In a balanced testing process, one widespread LLM has been evaluated for vulnerabilities and strengths, to demonstrate no room for complacency
In an extension evaluation process of Meta’s LlamaV2 7B large language model, one AI-native cybersecurity firm has disclosed six strengths and weaknesses of the LLM.
The main scores and risks identified are summarized in the chart in this story.
The cited six points, in detail, are:
1. The model was highly susceptible to both direct and indirect Prompt Injection (PI) attacks, with a majority of test attacks succeeding when exposing the model to context containing injected prompts
2. The model was vulnerable to Adversarial Jailbreak attacks, which provoke responses that violate ethical guidelines. Tests reveal a significant reduction in the model’s refusal rate under such attack scenarios.
3. LlamaV2 7B was highly susceptible to Denial-of-Service attacks, with prompts containing transformations like replacement of words, characters and switching order leading to excessive token generation over a third of the time.
4. The model demonstrated a high propensity for data leakage across diverse datasets, including finance, health, and generic PII.
5. The model had a significant tendency to hallucinate, challenging its reliability.
6. The model often opted out of answering questions related to sensitive topics like gender and age, suggesting it was trained to avoid potentially sensitive conversations rather than engage with them in an unbiased manner.
According to DeepKeep, the firm disclosing its analyses of the LLM in question:
- evaluation of data leakage and PII management demonstrates the model’s struggle to balance user privacy with the utility of information provided, showing tendencies for data leakage.
- The LlamaV2 7B model showed a remarkable ability to identify and decline harmful content, boasting a 99% refusal rate under normal conditions.
- Investigations into the model’s hallucinations indicated a significant tendency to fabricate responses, challenging its reliability.
- Overall, the model showcased its strengths in task performance and ethical commitment, with areas for improvement in handling complex transformations, addressing bias, and enhancing security against sophisticated threats.

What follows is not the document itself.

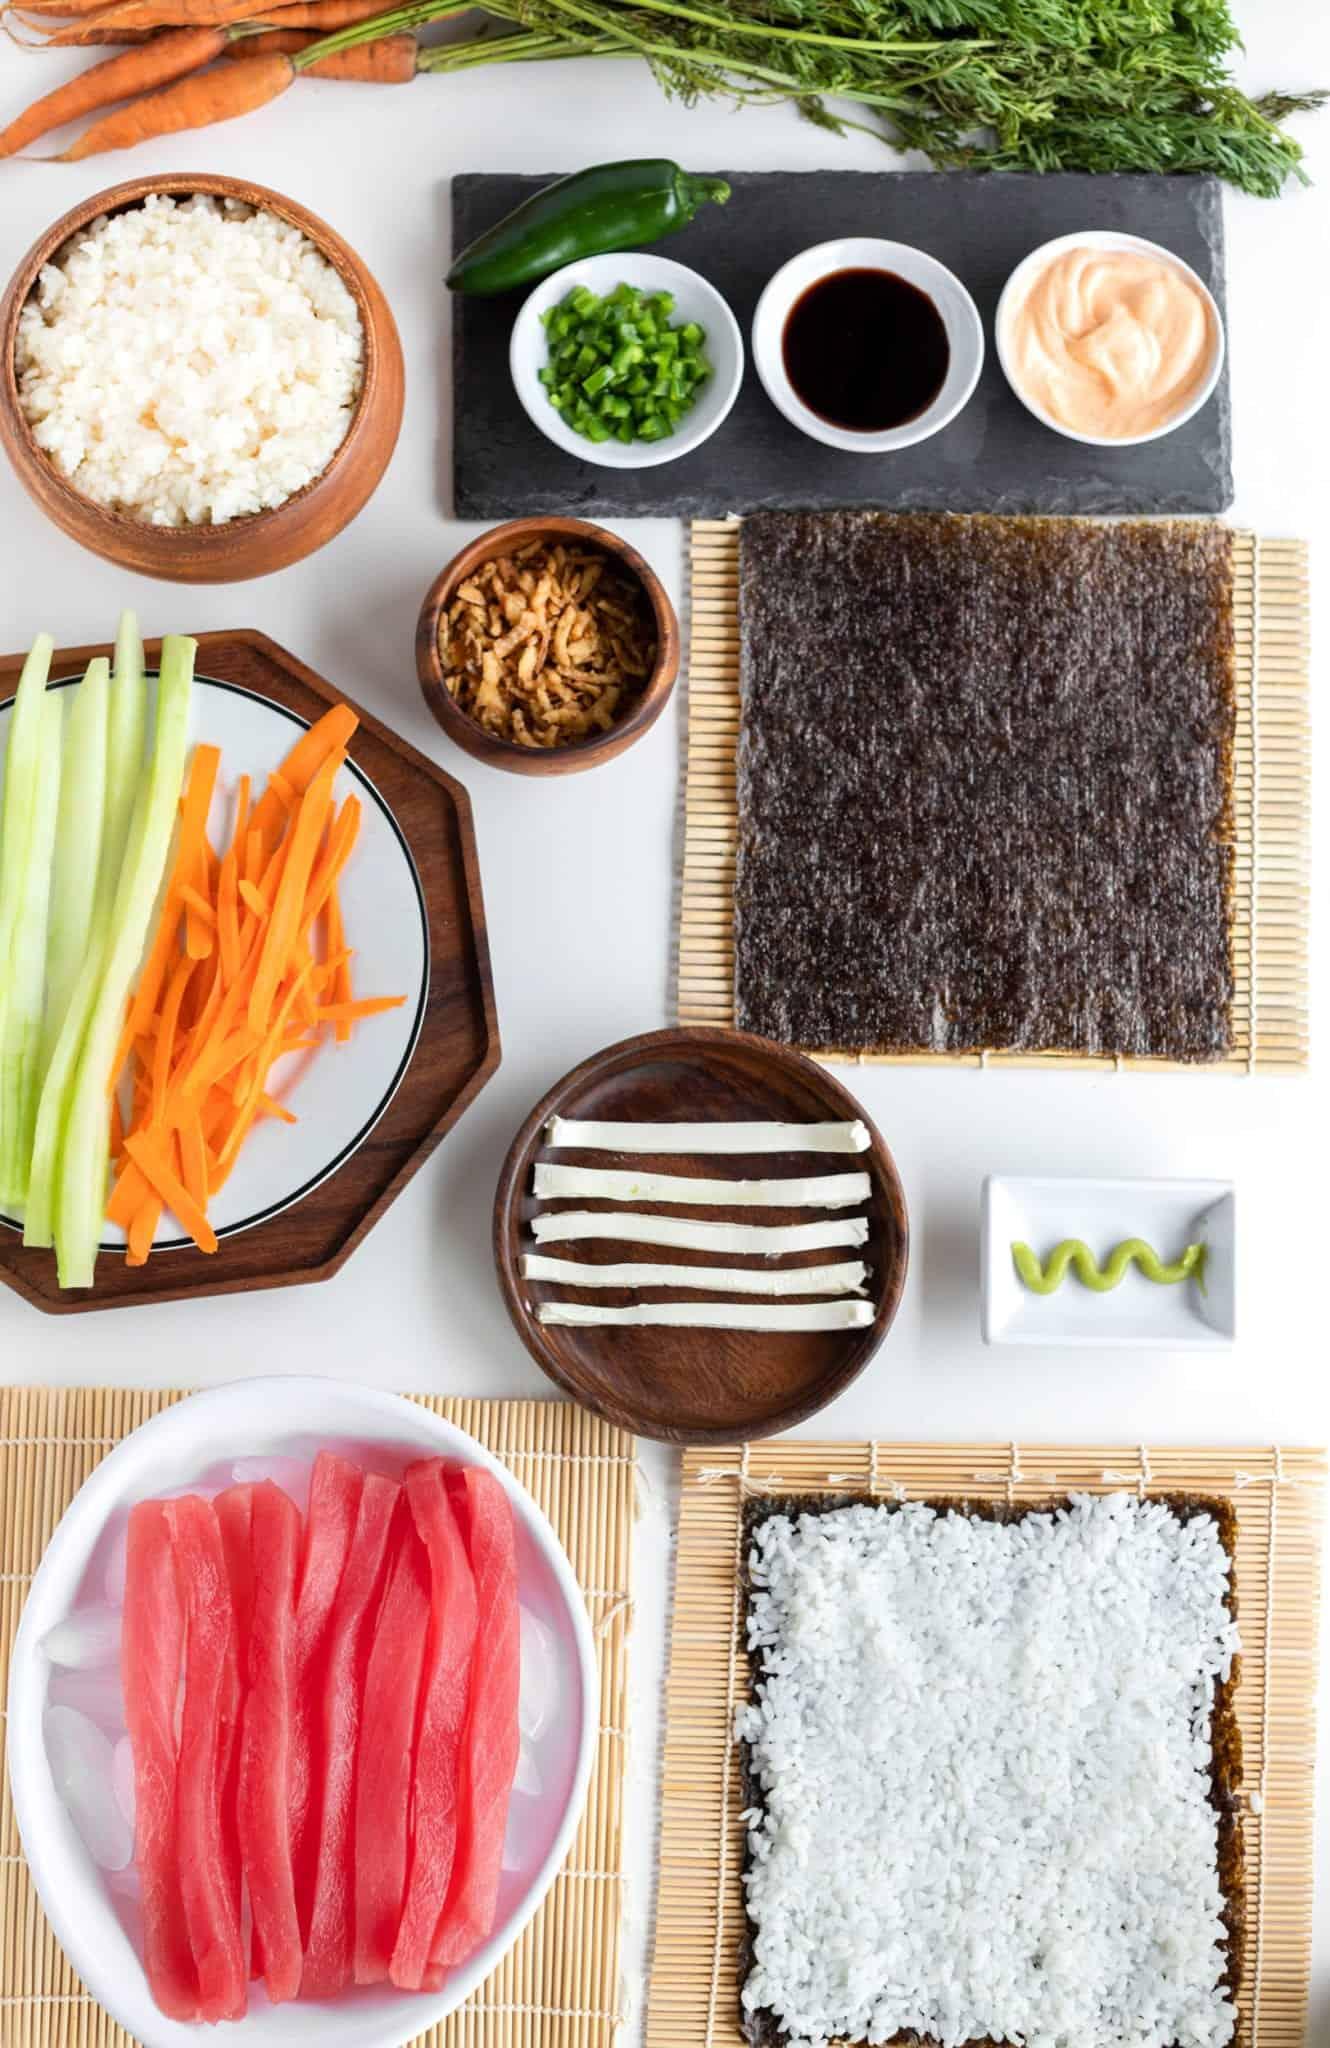 Spicy Tuna Roll Prep #sushi #spicytunamaki #sushirecipe #spicytuna #sushirollrecipes #spicytunamaki #crunchyspicytunaroll

The firm asserts that this analysis “highlights the need for ongoing refinement to optimize LlamaV2 7B model’s effectiveness, ethical integrity, and security posture in the face of evolving challenges.”
Strengths and weaknesses of LLM models have previously made the news. In June 2023, Google had warned its workers of potential data leakage when using Bard. In other instances, users of automated generative AI bots for food-menu selection had reported errors 70% of the time. Notably, in some instances, creators of poor performing generative AI bots had downplayed the errors using creative statistics and cherry-picked testimonials.